100% Dolcetto; Idiot’s Grace Vineyard in Mosier, Oregon; planted 2003; Columbia Gorge AVA; 152 cases produced; grown in soils from volcanic ash and loess over flood deposits; brought up in veteran barrels; 12.8% ABV.
Dolcetto is a minor variety, no matter how much we might dote on it here at IG. In exchange for the limited name recognition and negligible collector value, I’d really like the fieldwork to be more straightforward than it is. With large and long, complex bunches, thin and dehydration-prone skins, and rather poor attachment of berry to bunch (especially as harvest draws near), this grape demands diligence and extra care in the vineyard. The payoff is that the wine wanders into something completely distinctive here in Mosier.

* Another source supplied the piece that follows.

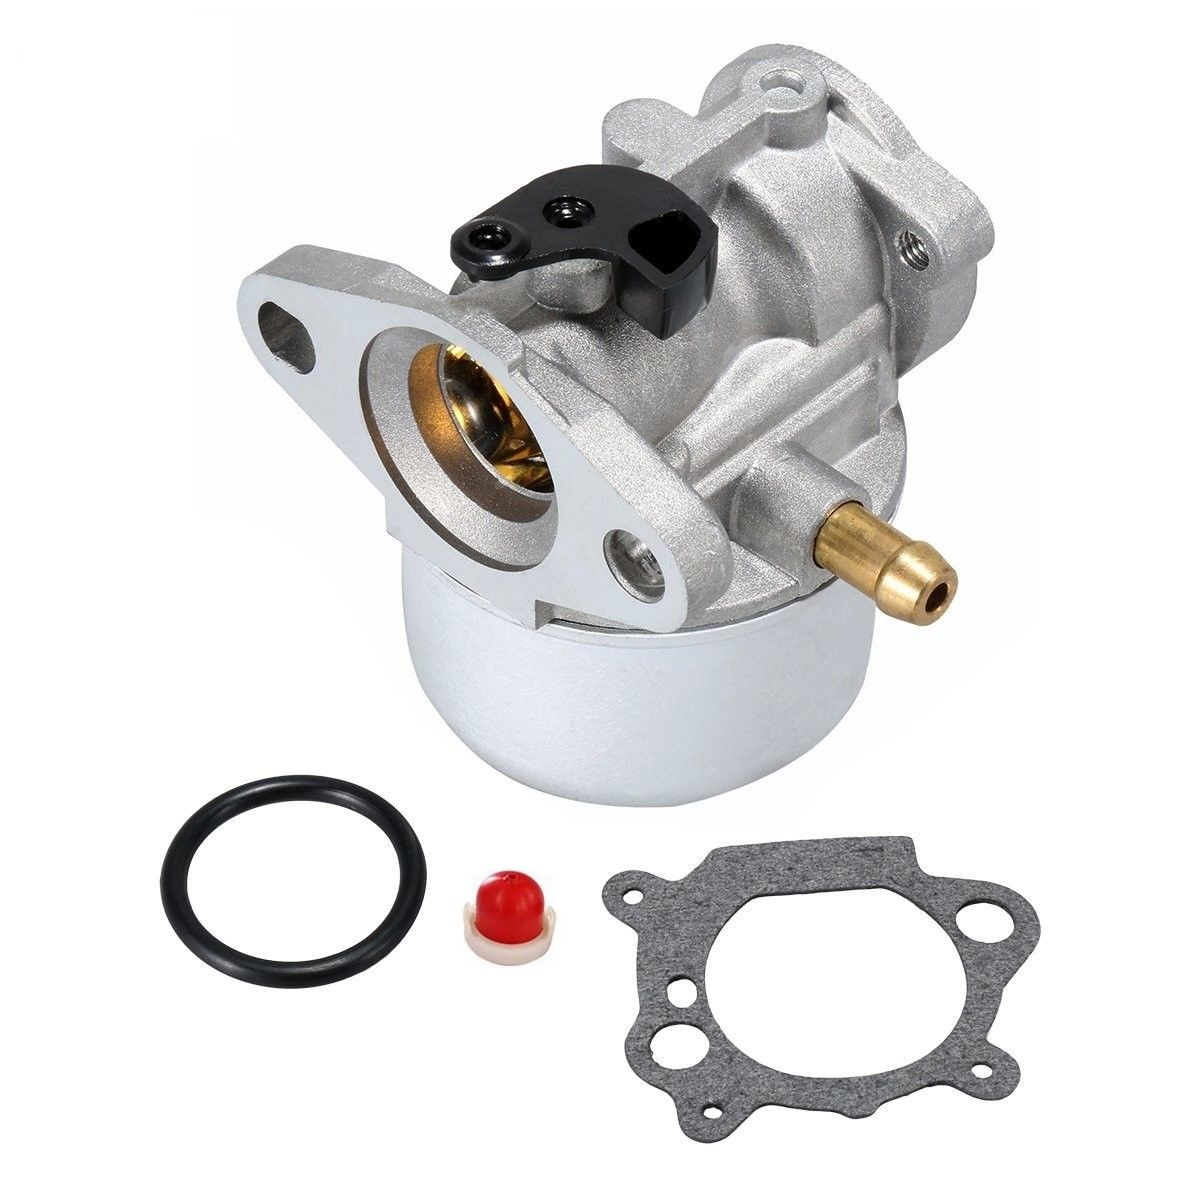 Carburetor For BRIGGS & STRATTON 799868 498254 497347 497314 498170 Carb (Standard Shipping)

My records of the latter half of 2022 are regrettably limited. I use my phone extensively during the season to record impressions, data, and images, and I managed to pinch it in the hinge of an old Subaru just after harvest. (It curled like a Frito). I had neglected to back up the device in the mayhem and weariness of the season, and much useful information was lost. So I can’t now connect precisely with the circumstance of the vintage. But the old Dolcetto block delivered a clean and full crop, and we picked a bit later than we usually do. I find a melon-y quality to the wine’s fragrance right at opening, floral and a little heady. ON the tongue, the wine is light and airy, less concentrated than in years when the yield is lower. But I no longer recall whether the vines felt properly laden at harvest, or whether I wished, on that cool morning, that we had cut more bunches to the floor in our earlier, August crop-thinning.